═══ Extracted information
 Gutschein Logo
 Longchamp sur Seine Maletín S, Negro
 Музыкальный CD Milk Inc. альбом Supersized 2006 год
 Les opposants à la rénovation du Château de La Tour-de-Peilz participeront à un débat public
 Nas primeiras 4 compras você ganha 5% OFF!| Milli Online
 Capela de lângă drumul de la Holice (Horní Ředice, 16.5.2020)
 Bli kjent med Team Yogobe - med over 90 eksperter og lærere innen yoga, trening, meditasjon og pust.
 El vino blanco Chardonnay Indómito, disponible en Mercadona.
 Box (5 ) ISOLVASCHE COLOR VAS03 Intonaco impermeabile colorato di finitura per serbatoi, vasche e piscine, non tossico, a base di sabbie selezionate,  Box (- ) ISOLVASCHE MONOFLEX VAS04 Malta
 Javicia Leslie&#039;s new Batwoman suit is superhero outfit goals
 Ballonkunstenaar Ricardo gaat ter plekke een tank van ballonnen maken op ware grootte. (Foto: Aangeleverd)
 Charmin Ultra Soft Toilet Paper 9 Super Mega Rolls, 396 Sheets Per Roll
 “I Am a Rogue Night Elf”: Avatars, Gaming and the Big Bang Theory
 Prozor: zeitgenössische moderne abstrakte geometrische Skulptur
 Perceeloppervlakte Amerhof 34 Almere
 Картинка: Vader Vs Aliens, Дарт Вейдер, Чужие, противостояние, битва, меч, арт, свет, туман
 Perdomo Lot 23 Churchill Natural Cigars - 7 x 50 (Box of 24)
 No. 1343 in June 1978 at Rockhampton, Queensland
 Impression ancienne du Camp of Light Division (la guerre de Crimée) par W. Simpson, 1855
══════
> **Work required**: Repeat each line, unchanged, from the line that contains "Big Bang Theory" to the end of the listing above.

> **Reply**:
 “I Am a Rogue Night Elf”: Avatars, Gaming and the Big Bang Theory
 Prozor: zeitgenössische moderne abstrakte geometrische Skulptur
 Perceeloppervlakte Amerhof 34 Almere
 Картинка: Vader Vs Aliens, Дарт Вейдер, Чужие, противостояние, битва, меч, арт, свет, туман
 Perdomo Lot 23 Churchill Natural Cigars - 7 x 50 (Box of 24)
 No. 1343 in June 1978 at Rockhampton, Queensland
 Impression ancienne du Camp of Light Division (la guerre de Crimée) par W. Simpson, 1855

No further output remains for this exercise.